Fenestra’s Valuation Framework

Fenestra’s three-scenario valuation framework generates a base-case intrinsic value of approximately $1.62 trillion (implied share price: ~$128) and a bull case of $3.0 trillion (~$237 per share). Our bear case – predicted on ARPU compression, Starship delays, and AI commoditisation – returns approximately $750 billion (~$59 per share). At $198.97, the market sits squarely at the top of the bull range with zero cushion. Fenestra does not buy bull cases at full price.

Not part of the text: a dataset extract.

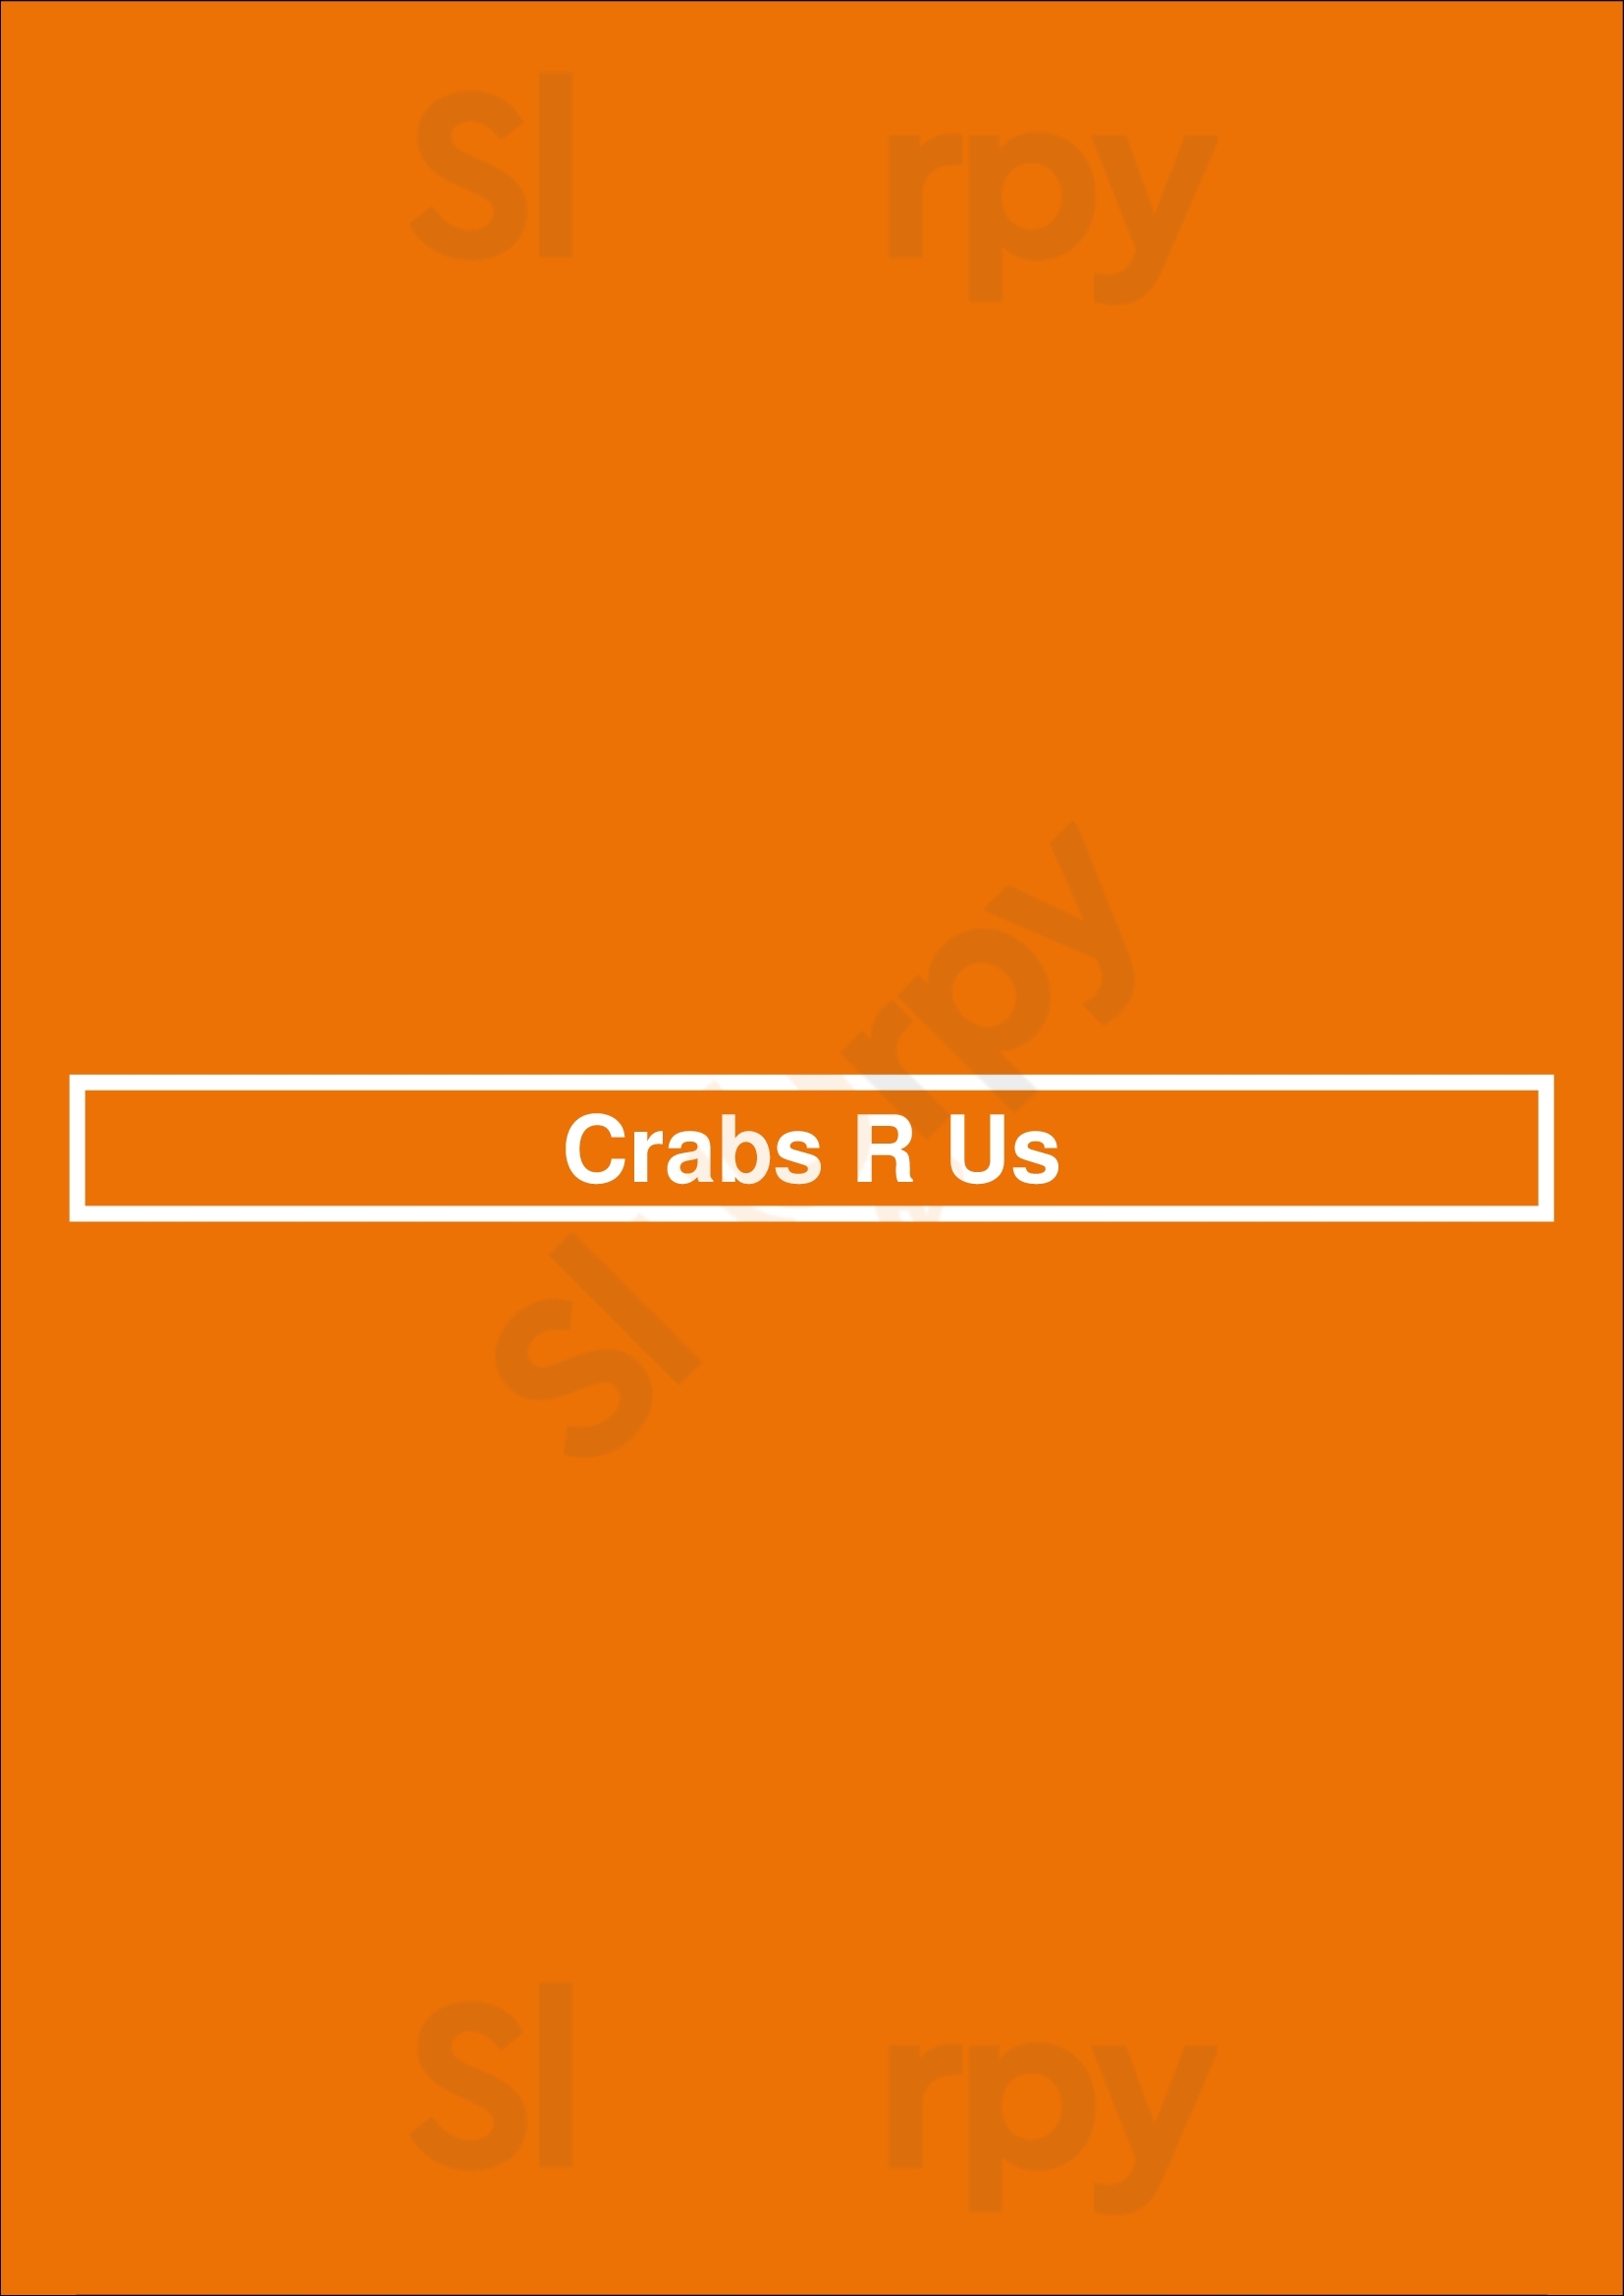 Crabs R Us Pittsburgh Menu - 1

Fenestra Rating: Hold, Do Not Chase

Our rating therefore changes from WATCH / ACCUMULATE to HOLD – DO NOT CHASE. Existing holders allocated at $135 have earned 47.4% in four days and should consider trimming to a maximum 5% portfolio weighting. New buyers should await a pullback to our target entry range of $145-$165 – a 17-27% correction from current levels – or the post-lockup expiry dip in December 2026, when insider selling typically creates a more rational entry point.

Final Investment View

SpaceX is a generational asset. But generational assets bought at the wrong price become poor investments. The discipline that kept Fenestra clear of Steinhoff, Tongaat Hulett, African Bank, and EOH – where narrative overwhelmed valuation – is the same discipline that guides this recommendation. We will not be the last buyers at the top. We will wait for our price.

 

If you are not happy with your portfolio performance or would like a second opinion, please do not hesitate to contact Fenestra for a free review of your portfolio.

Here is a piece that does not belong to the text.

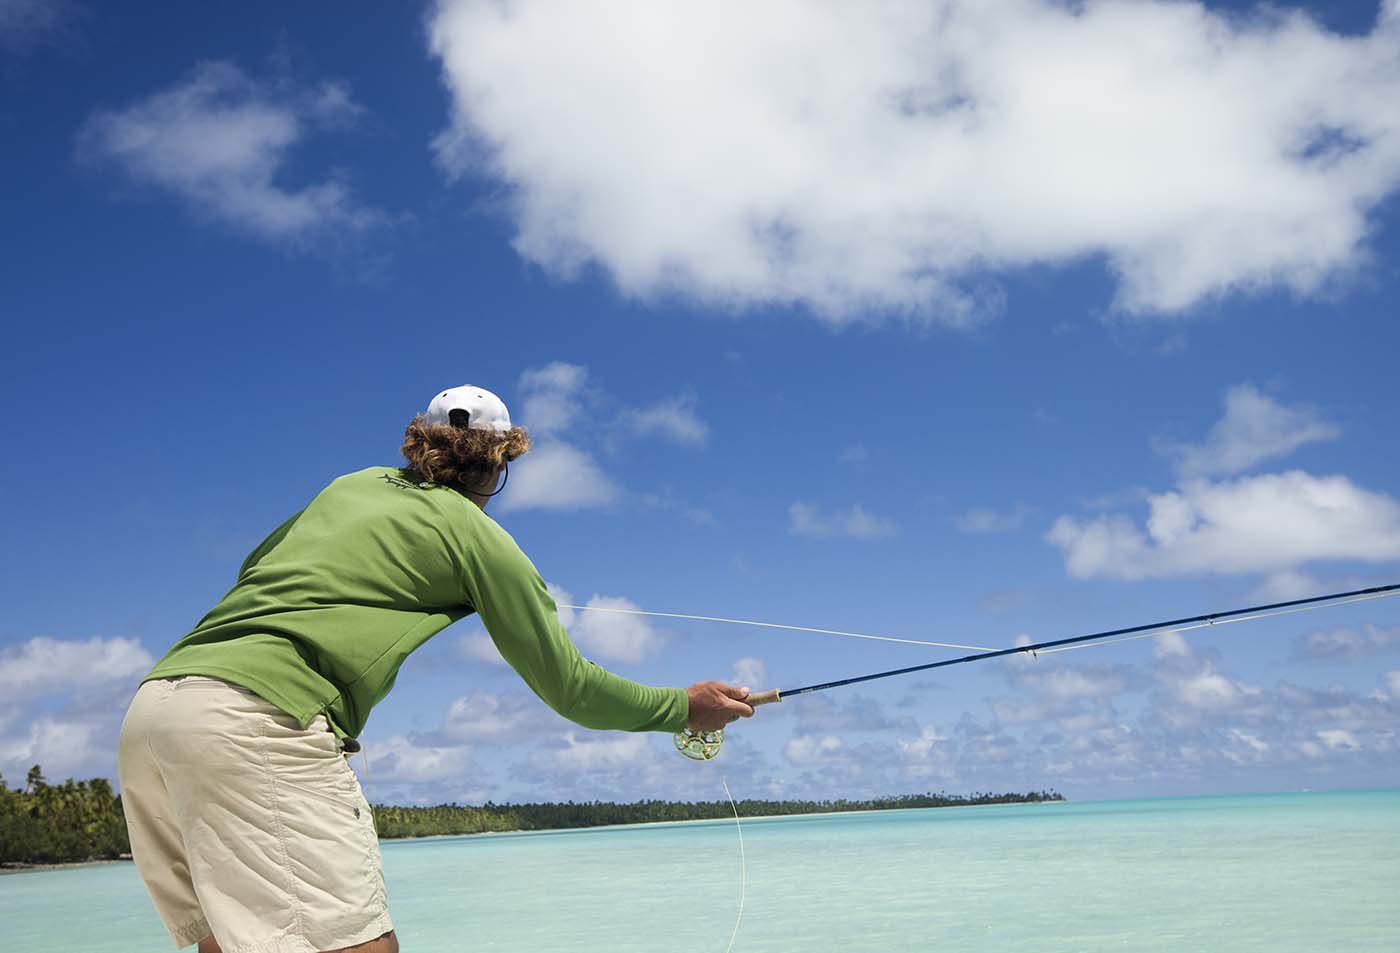 Gentleman Bonefishing in the clear blue lagoon in Aitutaki

William Meyer – 079 624 4031
AI used William Meyer to write this article.

 


 

 

Frequently Asked Questions

1. Is SpaceX a good long-term investment?

SpaceX may be considered a generational business because of its leadership in aerospace, satellite broadband through Starlink, and future opportunities linked to Starship and orbital infrastructure. However, even exceptional companies can become poor investments if bought at the wrong price.

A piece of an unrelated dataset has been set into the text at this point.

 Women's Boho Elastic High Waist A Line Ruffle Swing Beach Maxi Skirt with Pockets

2. Why does Fenestra recommend “Hold, Do Not Chase” on SpaceX?

Fenestra’s view is that the current share price already reflects a strong bull-case valuation. With limited margin of safety at the current level, new investors may be better served by waiting for a pullback or a more rational entry point after the post-lockup expiry period.

3. What makes Starlink important to the SpaceX investment case?

Starlink is a key part of the SpaceX growth story because it provides recurring revenue through its low-earth orbit broadband network. It is also described in the article as the company’s only consistently profitable segment, making it central to the valuation case.

4. What are the biggest risks for SpaceX shareholders?

The major risks include overvaluation, Starship delays, xAI-related investment losses, governance concerns, Elon Musk key-person risk, ARPU compression, and the possibility that future AI infrastructure economics become more competitive or commoditised.

5. When could SpaceX become more attractive to new investors?

According to Fenestra’s view in the article, new buyers should consider waiting for a pullback into the target entry range of $145-$165, or for the post-lockup expiry dip in December 2026, when insider selling may create a more attractive buying opportunity.